I am learning Scikit-Learn and I am trying to perform a grid search on a multi label classification problem. This is what I wrote:
from sklearn.model_selection import GridSearchCV
param_grid = [
{'randomforestclassifier__n_estimators': [3, 10, 30], 'randomforestclassifier__max_features': [2, 4, 5, 8]},
{'randomforestclassifier__bootstrap': [False], 'randomforestclassifier__n_estimators': [3, 10], 'randomforestclassifier__max_features': [2, 3, 4]}
]
rf_classifier = OneVsRestClassifier(
make_pipeline(RandomForestClassifier(random_state=42))
)
grid_search = GridSearchCV(rf_classifier, param_grid=param_grid, cv=5, scoring = 'f1_micro')
grid_search.fit(X_train_prepared, y_train)
However when I run it I get the following error:
ValueError: Invalid parameter randomforestclassifier for estimator
OneVsRestClassifier(estimator=Pipeline(steps=[('randomforestclassifier',
RandomForestClassifier(random_state=42))])). Check the list of available parameters
with `estimator.get_params().keys()`.
I tried to run also the grid_search.estimator.get_params().keys()

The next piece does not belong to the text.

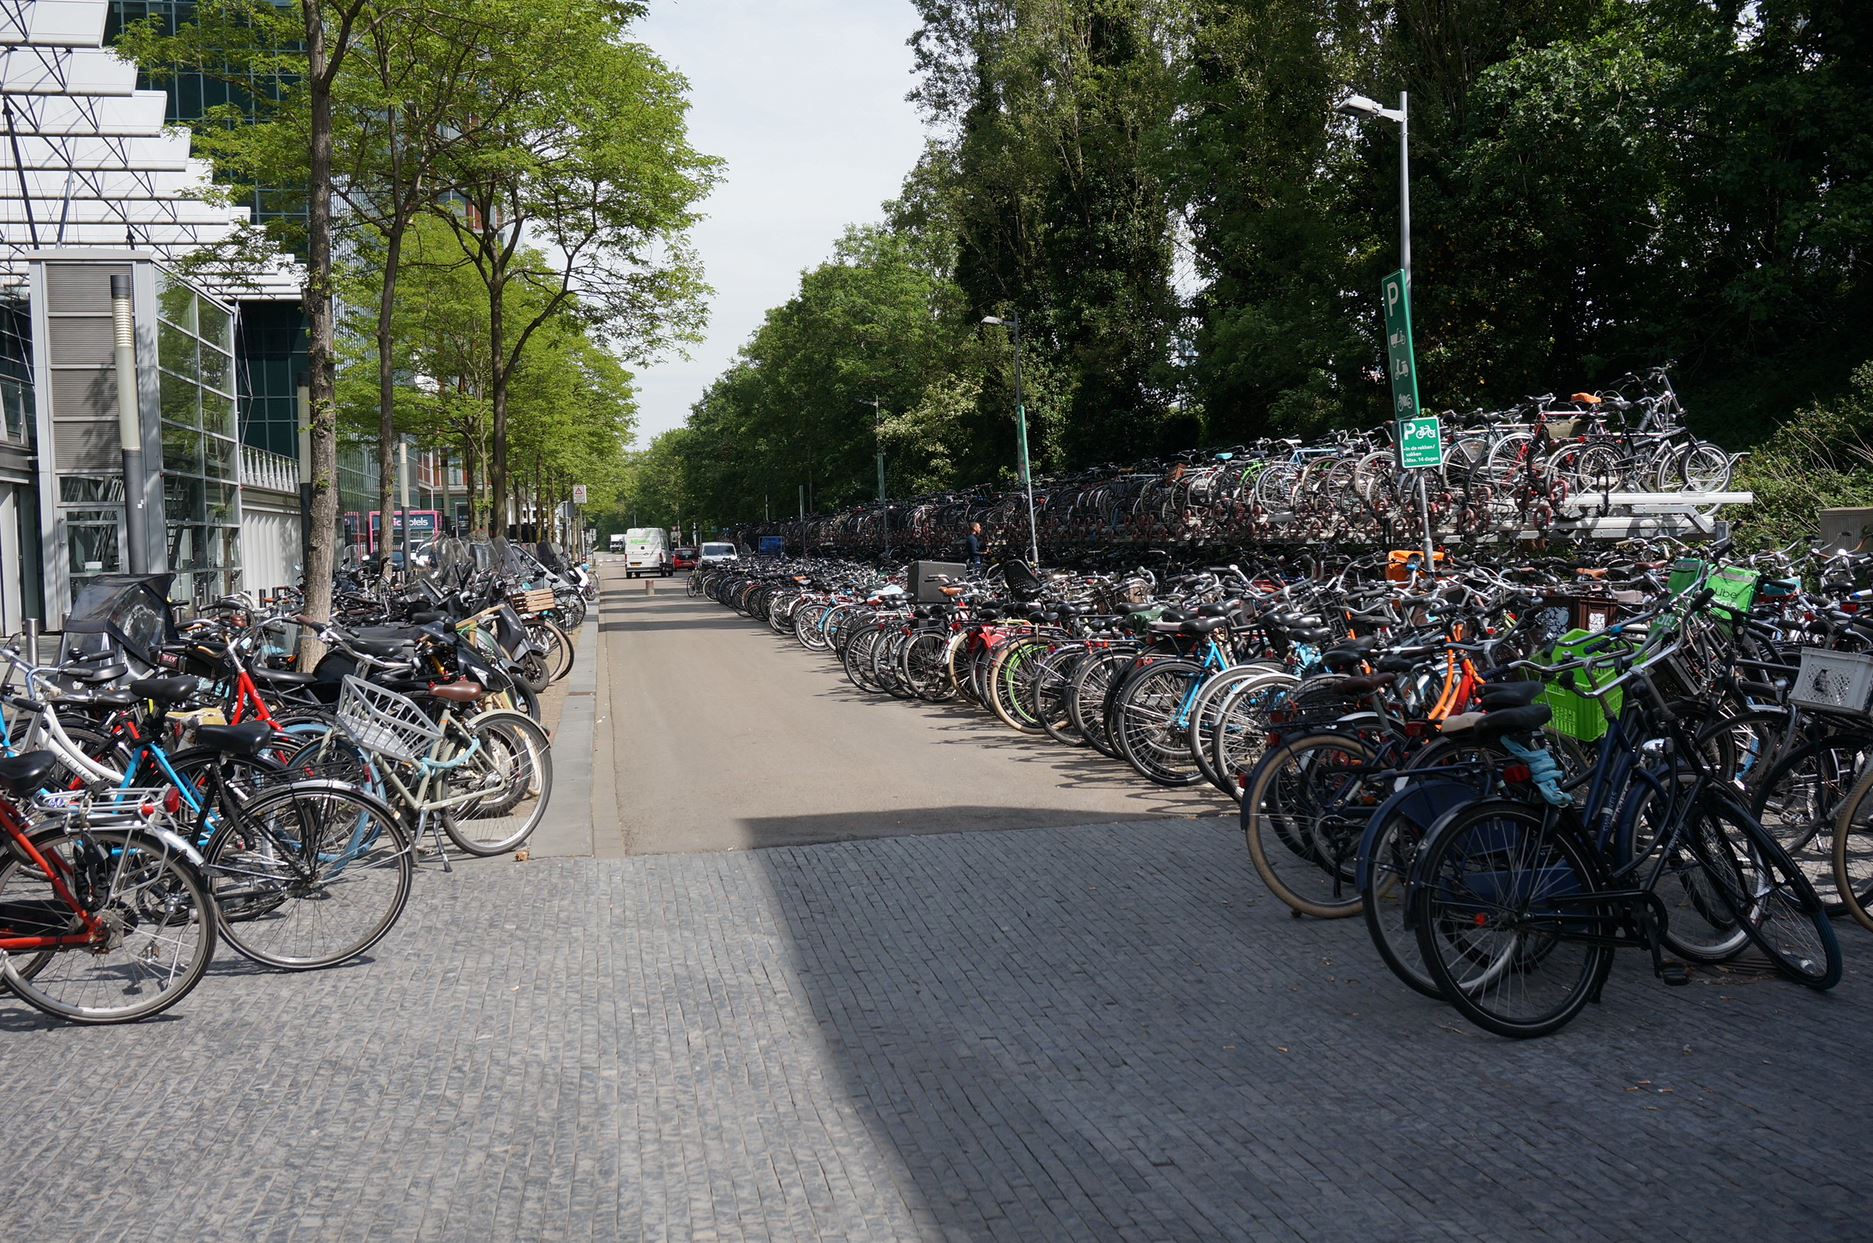 Les parkings vélos en gare - Inddigo, le blog

command but I just get a list of parameters containing the ones that I have written, therefore I am not sure what I should do.
Would you be able to suggest what the issue is and how I can run the grid search properly?
You would have been able to define param_grid
as you did in case rf_classifier
was a Pipeline
object. Quoting the Pipeline's docs
The purpose of the pipeline is to assemble several steps that can be cross-validated together while setting different parameters. For this, it enables setting parameters of the various steps using their names and the parameter name separated by a '__'.
In your case, instead, rf_classifier
is OneVsRestClassifier
instance. Therefore, before setting the parameters for the RFC, you'll need to be able to access the pipeline instance, which you can do via OneVsRestClassifier
estimator
's parameter, as follows:
param_grid = [
{'estimator__randomforestclassifier__n_estimators': [3, 10, 30],
'estimator__randomforestclassifier__max_features': [2, 4, 5, 8]
},
{'estimator__randomforestclassifier__bootstrap': [False],
'estimator__randomforestclassifier__n_estimators': [3, 10],
'estimator__randomforestclassifier__max_features': [2, 3, 4]
}
]